Regarding stocks in traditional industries such as oil and aviation companies, their prices have not yet risen, and some have even declined sharply. Will there be room for these stocks to rebound? Gao Shanwen believes that such room exists, but it is limited. It boils down to the fact that the avenues of competition in these industries have transformed, and a massive amount of demand has been transferred online due to the impact of the pandemic. The shock caused to these industries is not entirely a short-term result of the pandemic, but a long-term one.

China is expected to drive the world economy.


Speaking on the future of international relations, Ruan Zongze said that peace and development should remain the themes of the times. Although the US tends to pursue unilateralism, it has not reversed the general trend of peaceful development. As the US has embarked on the path of decoupling and unilateralism, we have seen the voice of unity in the international community actually become stronger. Ruan Zongze remarked that we ought to see the power of China and recognize the fact that our country serves as a stabilizer. We must have confidence that China will once again lead and drive the world economy as it emerges from the crisis.

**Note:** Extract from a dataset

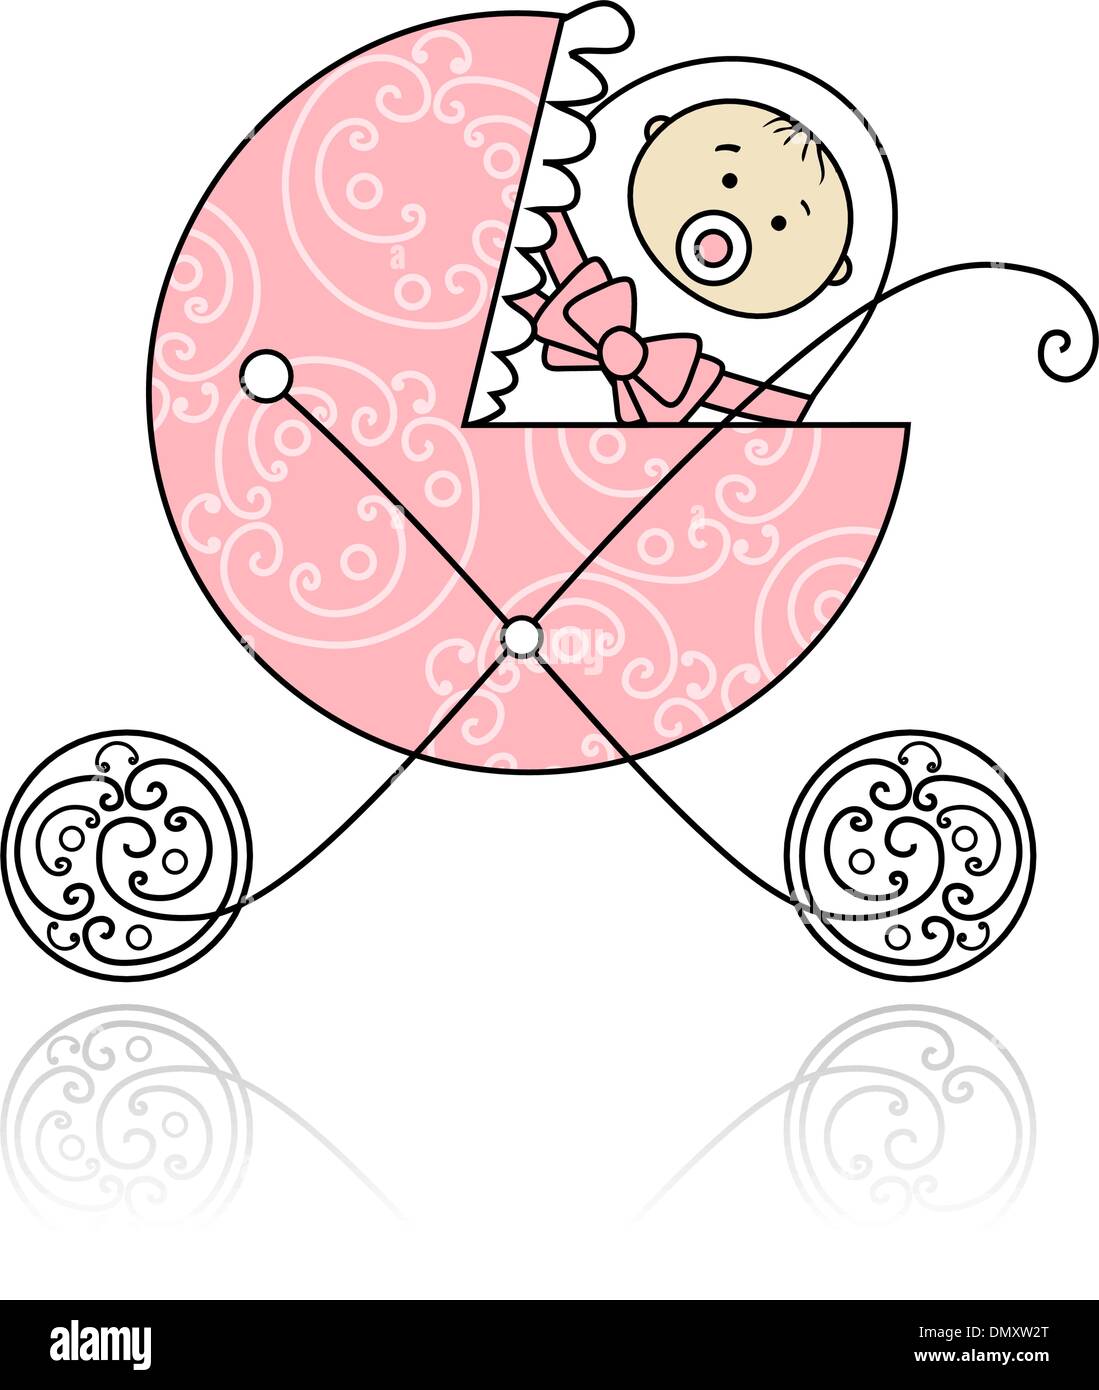 Neugeborenen im Kinderwagen für Ihr design Stock Vektor

Lei Dingming, Professor of Economics at Hong Kong University of Science and Technology, also shared his insights. In his opinion, China’s economic strength may surpass that of the US in the future. The US has handled the pandemic quite poorly and its domestic economy has suffered greatly. Although COVID-19 has been somewhat contained in the first half of 2021, there may still be a rebound. Healing will take place over the next few years, and Biden may repeal some Trump-era policies when he takes office in order to get the US economy moving nicely again.

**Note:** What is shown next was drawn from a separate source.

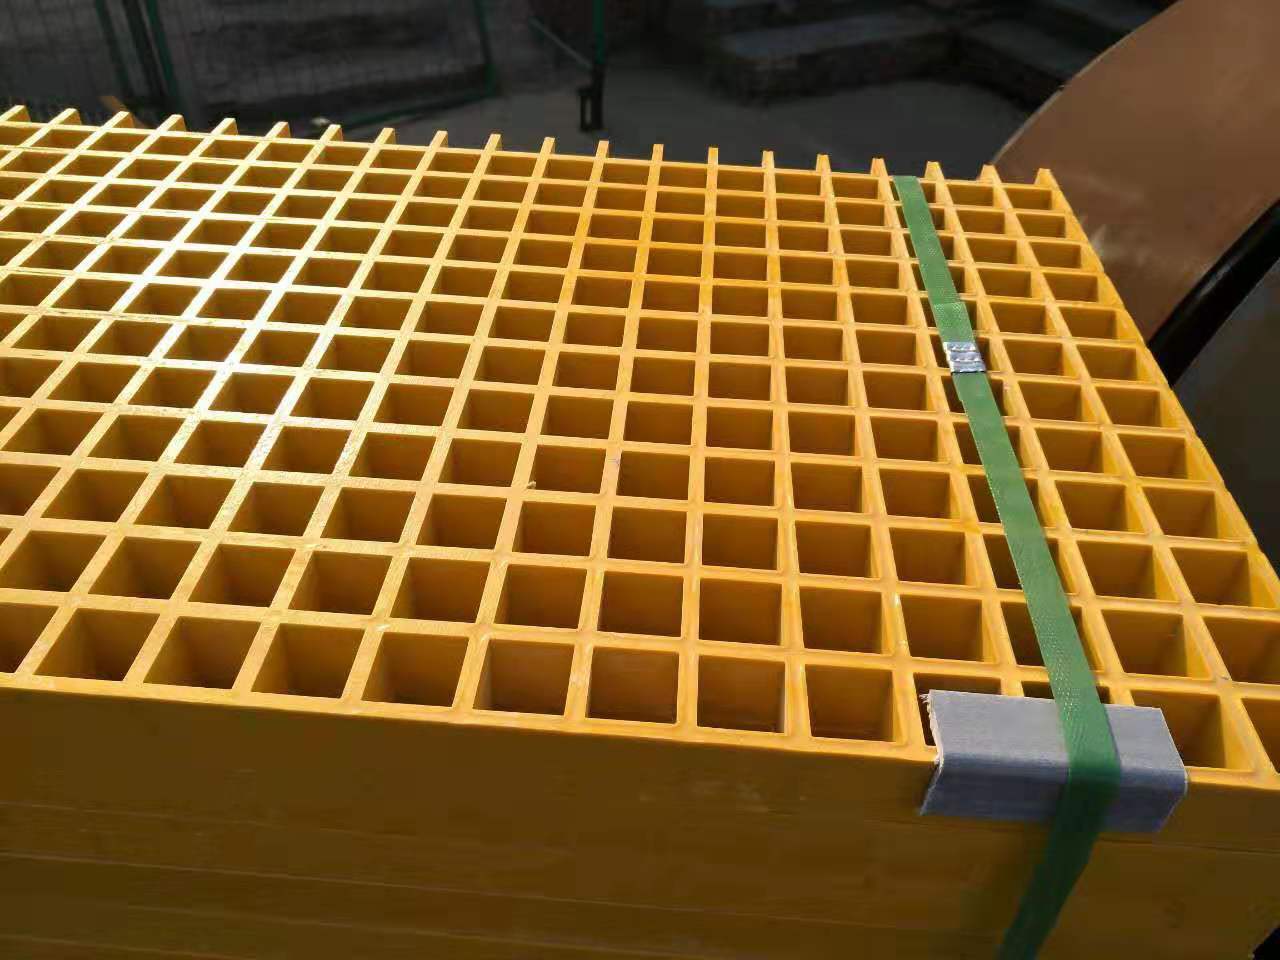 玻璃钢格栅盖板网格板 直销 洗车专用平台 复合材料格栅盖板 澳朗钢格板厂家2

The costs of energy transition can be diluted through economies of scale.


Beginning with a discussion of the recent extreme weather in southern China, Cao Jing introduced the concepts of carbon peaking and carbon neutrality, which are worthy of attention in the near term, and pointed out that the main pain point of China’s response to climate change is coal dependence. Compared with Western countries, China relies primarily on coal for energy, and coal-fired power plants account for more than half of the country’s total power generation. If newly-built power plants are decommissioned earlier than planned, this will inevitably lead to huge costs and losses. However, from a corporate development perspective, only by achieving carbon neutrality will Chinese companies be able to gain an advantage in the international market and achieve longer-term growth. To enhance our competitiveness, it is imperative for China to attain carbon neutrality. This year, President Xi Jinping's confidence boost and encouragement on this issue have been very significant.

According to Zou Ji, energy supply problems during extreme weather are mainly related to power wattage rather than insufficient total power. The right to development (including the right to comfortable living) is closely linked with the growth rate as well as carbon and pollution emissions. China can no longer go down the path of environmental pollution to achieve growth, as the country has already passed this developmental stage. Furthermore, green development is full of business opportunities. Zou Ji also cautioned that despite China’s commitment to energy conservation and emission reduction as well as the corresponding price that it has paid, we cannot count on concessions and preferential treatment from the international community. Instead, we must dilute costs on our own through economies of scale. In northwestern China, there are significant amounts of renewable resources. If relevant departments can invigorate the photovoltaic and wind energy industries in these regions, they will not only facilitate the building of a low carbon economy, but also address the issue of energy security.